Ravi Korrapati. So lautete der erste Name, den Cyb aus einer schier unüberschaubaren Datenmenge gefiltert hatte. Er war der ultimative Beweis, dass Micahs Code funktionierte, dass es sich gelohnt hatte, der Künstlichen Intelligenz zu vertrauen und ihr die notwendige Zeit zum Lernen einzuräumen. Bis dahin hatte Kyle ihm Sturheit vorgeworfen, hatte eine Notfallstrategie verlangt, eine Abkürzung, falls Cyb zu lange braucht. Eben einen PLAN B – Kyle schrieb es gerne in Großbuchstaben. Damals war es ein Problem gewesen, danach nur noch eine der belanglosen Anekdoten ihrer gemeinsamen Vergangenheit. Seitdem hat der Fall Ravi Korrapati Geschichte geschrieben. Jeder, absolut jeder erinnert sich heute noch an die sich überstürzenden Ereignisse vor fünf Jahren. An die Verhaftung und den anschließenden Prozess. Die Presse jagte wie ein hungriges Raubtier nach neuen Details. Ravi Korrapatis berufliche wie private Interessen, alles wurde an die Öffentlichkeit gezerrt. Seine Aktivitäten im Internet. Mitschnitte seiner Smartspeaker wurden im Netz geleakt und millionenfach verbreitet. Doch Micah erinnert sich auch an die Gespräche hinter den Kulissen, das Wettrennen mit der Zeit, Absprachen und Entscheidungsprozesse, die nicht an die Öffentlichkeit gerieten. Die Bilder sind noch so präsent, als wäre alles erst letzte Woche passiert.

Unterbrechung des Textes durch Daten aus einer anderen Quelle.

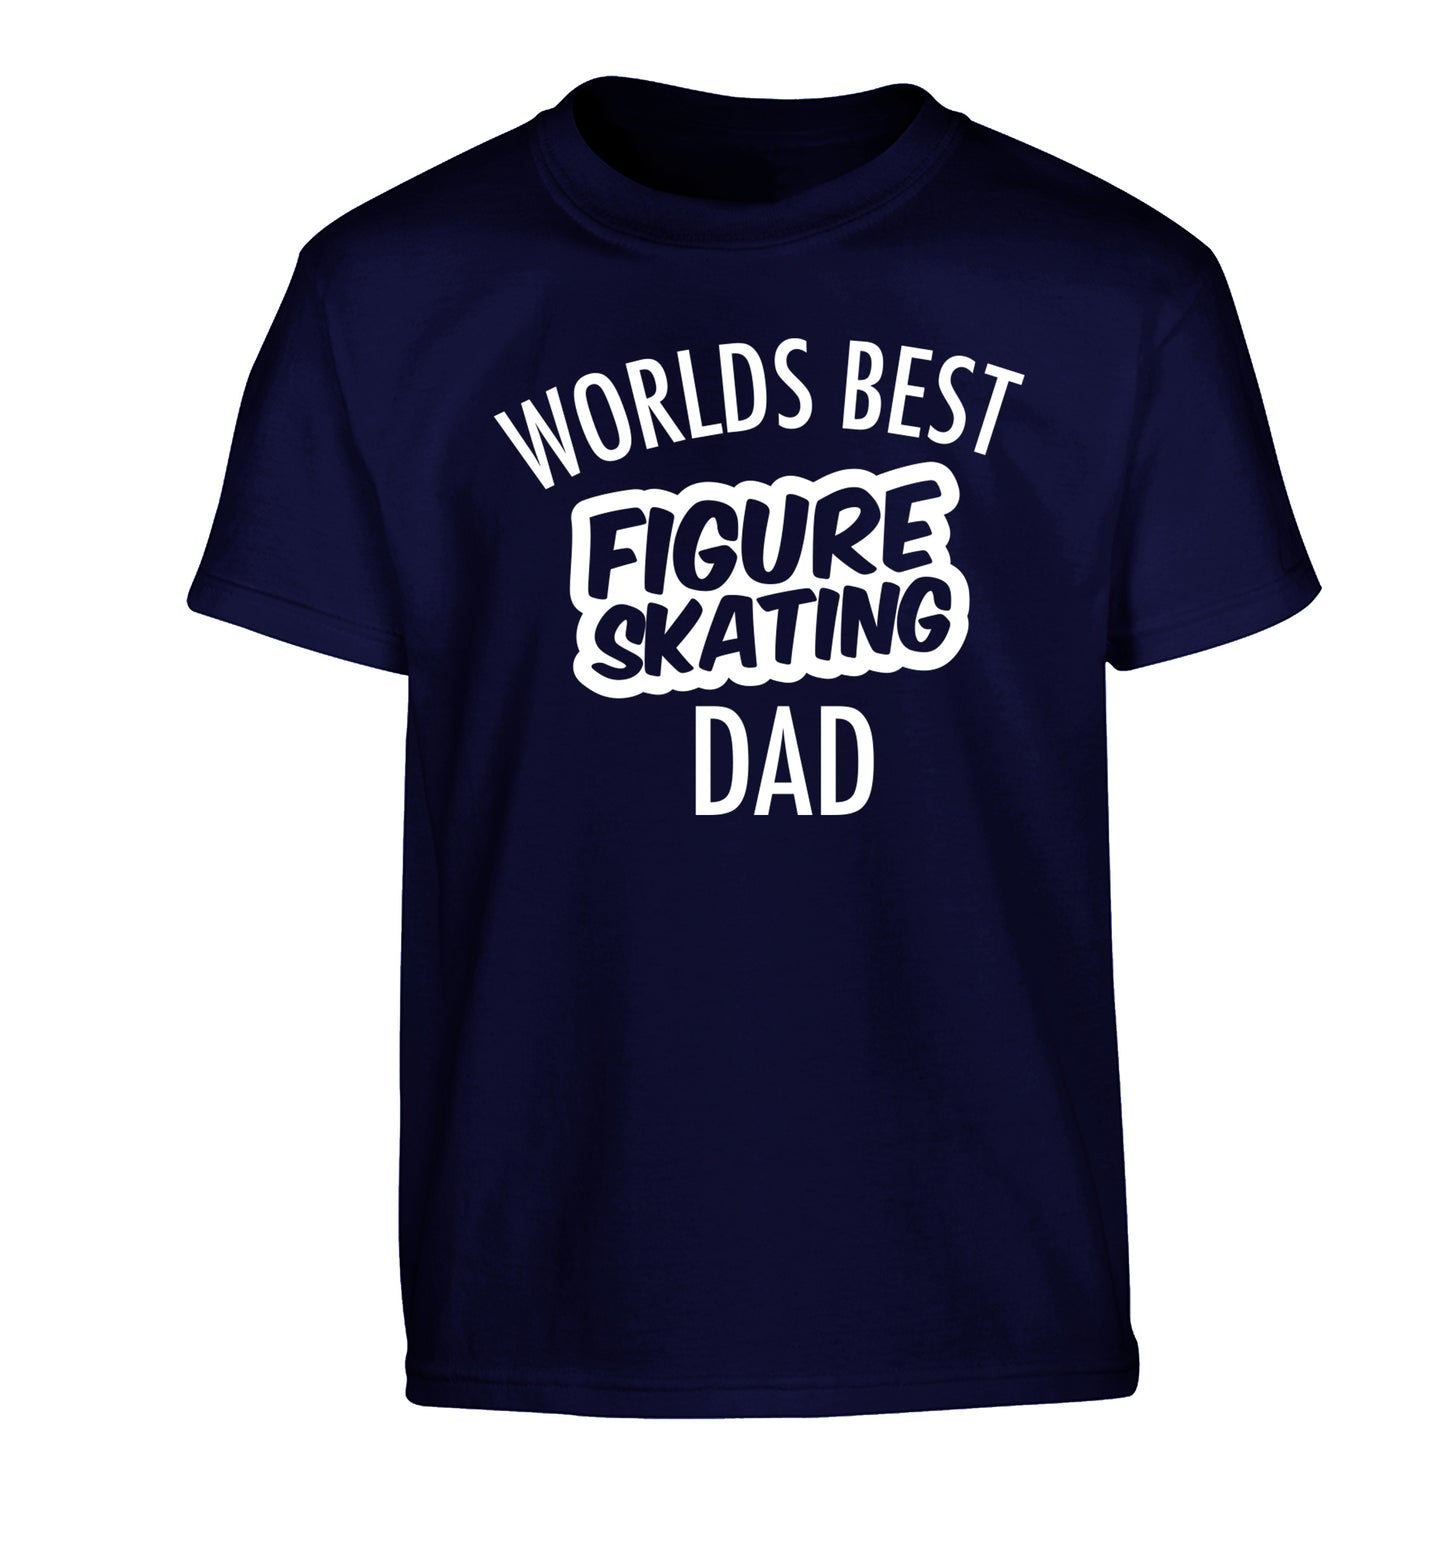 Worlds best figure skating dad Children's navy Tshirt 12-14 Years

Es war ein Donnerstag, als Cyb plötzlich die ersten vorläufigen Ergebnisse ausgespuckt hatte. Micah überfiel ein unglaubliches Gefühl. Eine Mischung aus Freude, dass sein Code funktionierte, Erleichterung, dass das zermürbende Warten endlich ein Ende hatte, und gleichzeitig Furcht, dass etwas nicht stimmte. Es war verwirrend, und Micah brauchte ein paar Minuten, um zu entscheiden, wie es weitergehen sollte. Sollte er einen Freudentanz aufführen? Mit einem Jubel alle herbeirufen? Oder zunächst nur Kyle Bescheid geben und ganz sachlich ein Meeting ansetzen, um die Kollegen zu informieren? Letztendlich war es jedoch die Sorge vor einer Enttäuschung – oder schlimmer noch: einen Fehler übersehen zu haben –, die das Chaos aus Gefühlen ordnete. Ohne exakt sagen zu können, warum, beschloss Micah, seinen Partner Kyle zunächst nicht ins Vertrauen zu ziehen. Statt umgehend mit Champagner anzustoßen, wartete er, bis Kyle gegangen war, und arbeitete mit einem kleinen Team die Nacht durch. Katie war dabei, Tom und Ilyas. Hao hatte sich an dem Tag krankgemeldet. Ausgerechnet Hao.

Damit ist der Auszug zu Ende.